Net interest income, on a tax-equivalent basis, for the second
quarter of 1995 increased $9.6 million, or 12.5%, over the
second quarter of 1994. The net interest margin was 5.14% for
the current quarter, up 7 basis points from the same quarter
last year.
The taxable-equivalent adjustment required to make yields on
tax-exempt loans and investment securities comparable to taxable
loans and investment securities is shown in the following table.
The taxable-equivalent adjustment is based on a 35% federal
income tax rate in both 1995 and 1994.
<PAGE>
<TABLE>
<CAPTION> Six Months Ended Three Months Ended
June 30, June 30,
1995 1994 1995 1994
------- ------- ------- -------
(in thousands)
<S> <C> <C> <C> <C>
Interest income $ 297,662 234,971 153,318 122,354
Taxable-equivalent adjustment 2,776 3,003 1,368 1,515
------- ------- ------- -------
Interest income, taxable-
equivalent 300,438 237,974 154,686 123,869
Interest expense 130,323 92,309 68,809 47,565
------- ------- ------- -------
Net interest income, taxable-
equivalent $ 170,115 145,665 85,877 76,304
======= ======= ======= =======
</TABLE>
Provision for Loan Losses
During the first six months of 1995, the provision for loan
losses decreased $.6 million, or 5.0% over the same period in
1994. Annualized net charge-offs to average net loans for the
six months ended June 30, 1995, were .17% compared to .36%
during the first six months of 1994. The provision for loan
losses increased $.2 million, or 3.1%, during the second quarter
of 1995 when compared to the second quarter of 1994. Net
charge-offs to average net loans were .22% during the second
quarter of 1995, compared to .29% during the second quarter of
1994. The reserve for loan losses to loans was 1.54% as of June
30, 1995, and 1.48% at December 31, 1994. The primary reason
for the year-to-date decrease in the provision for loan losses
was due to the overall improvement in credit quality. This
improvement can be seen in Synovus' decrease in net charge-offs
as a percentage of average loans and in Synovus' lower
nonperforming asset ratio as a percentage of loans and other
real estate.
Non-Interest Income
Total non-interest income during the first six months of 1995
increased $24.4 million, or 18.8%, over the same period in 1994.

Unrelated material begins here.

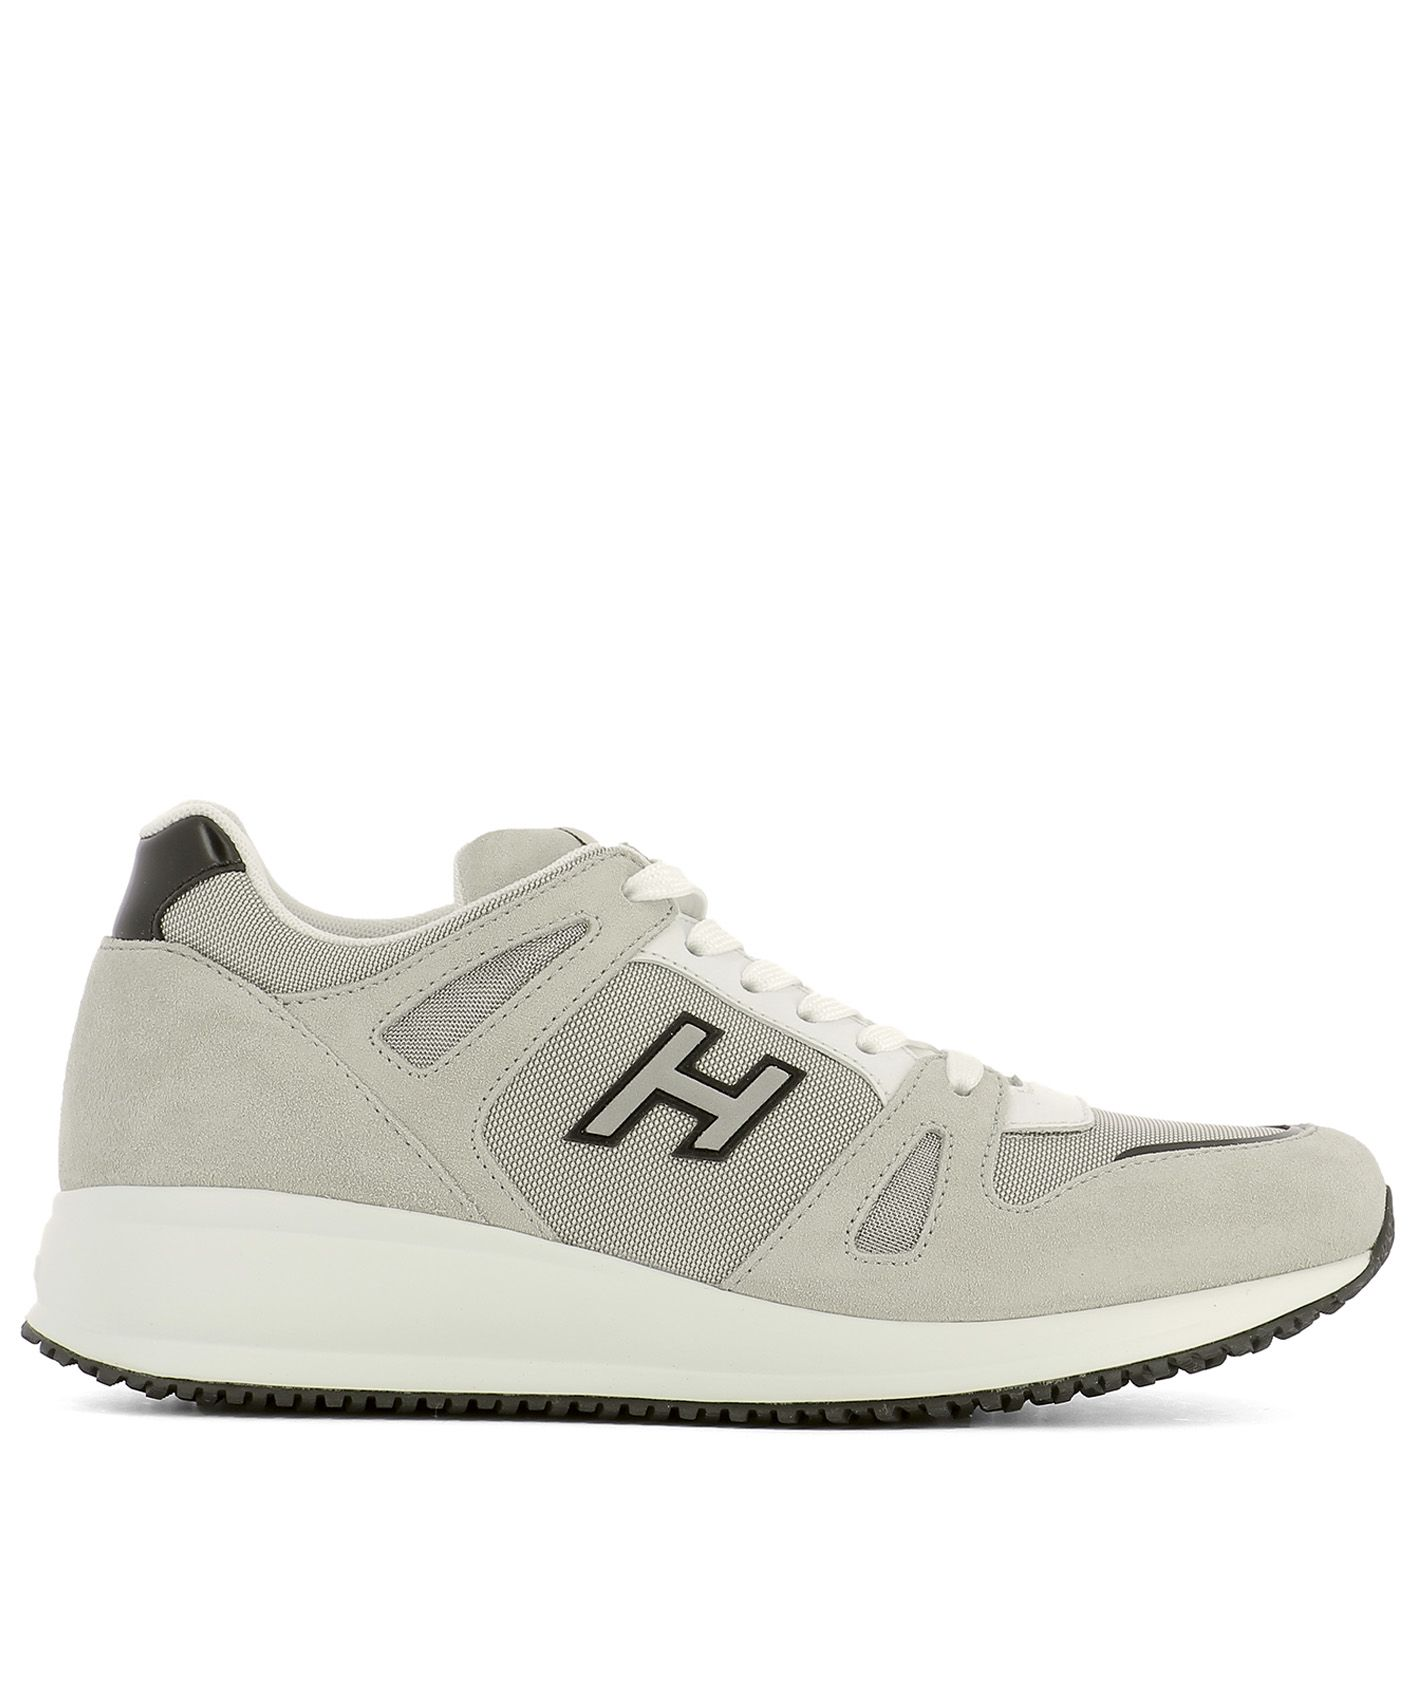 Beige Fabric Sneakers
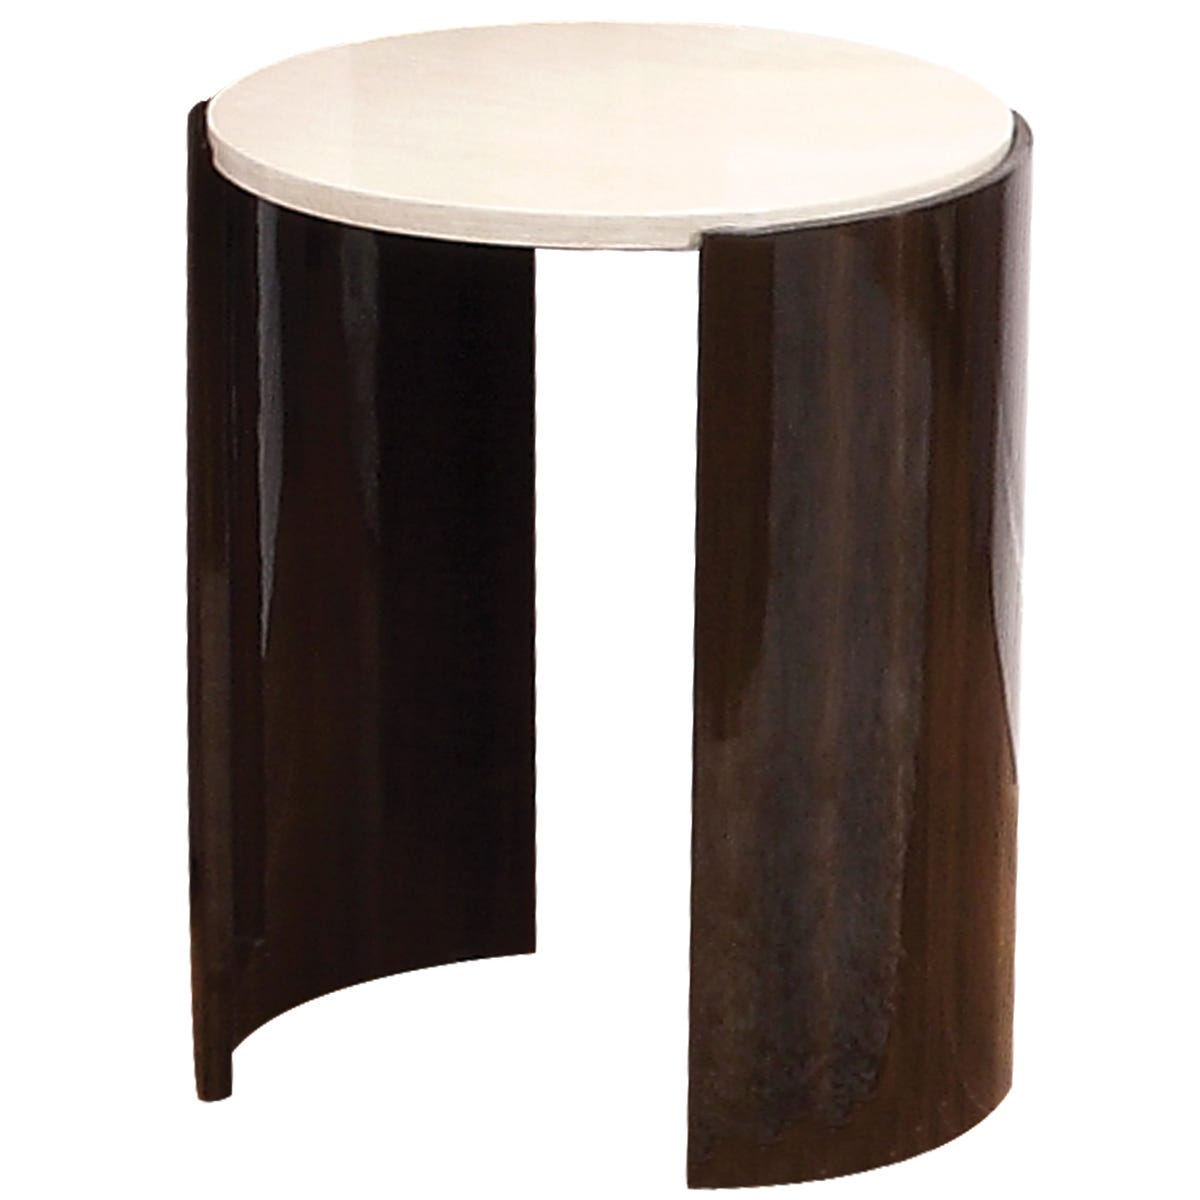 Jual Milan Walnut High Gloss Lamp Table - Small

The increase in non-interest income resulted largely from
higher data processing services revenue, which increased $25.3
million, or 31.2%, during the six months ended June 30, 1995,
over the same period in 1994. Other increases in non-interest
income for the period include a $2.4 million, or 11.7%, increase
in service charges on deposit accounts, principally as a result
of increased volume and higher fee structures on deposit
accounts. The decrease in other operating income was due to a
non-recurring gain of $2.9 million on the sale of a credit card
portfolio in the first quarter of 1994.
<PAGE>
Total non-interest income during the quarter ended June 30,
1995, increased $15.4 million, or 23.5%, over the second quarter
of 1994, for primarily the same reasons as indicated above.
Data processing services revenue is derived principally from the
servicing of individual bankcard accounts for the card issuing
customers of Total System Services, Inc. (TSYS), Synovus'
majority-owned, publicly traded subsidiary. AT&T Universal Card
Services Corp. (AT&T) continues to be a major customer of TSYS,
accounting for 22.0% and 22.2% of total revenues for the three
months and six months ended June 30, 1995, respectively,
compared to 24.4% and 23.9% for the same periods in 1994. In
June 1995, a new agreement between TSYS and AT&T relative to the
conversion of AT&T's accounts to a customized version of the new
cardholder processing software system, TS2, was signed. The
agreement voids the previously agreed upon imposition of a 5%
discount on AT&T's processing fees which was effective from June
1, 1995, until the conversion of AT&T's accounts to TS2. Under
the agreement a new, mutually agreeable conversion schedule
will be established. The agreement further states that there
will be no penalties payable, or additional processing fee
discounts granted by TSYS to AT&T for any failure to complete
the conversion in accordance with the new schedule, nor will
there be any premiums payable by AT&T to TSYS for completion of
the conversion prior to the completion date established under
the new agreement.
NationsBank accounted for 12.8% and 12.7% of TSYS' total
revenues for the three months and six months ended June 30, 1995,
respectively, compared to 12.0% for each of the same
periods in 1994. TSYS' existing agreement with NationsBank
expires in September of 1995, and TSYS and NationsBank continue
their negotiations to extend their processing relationship.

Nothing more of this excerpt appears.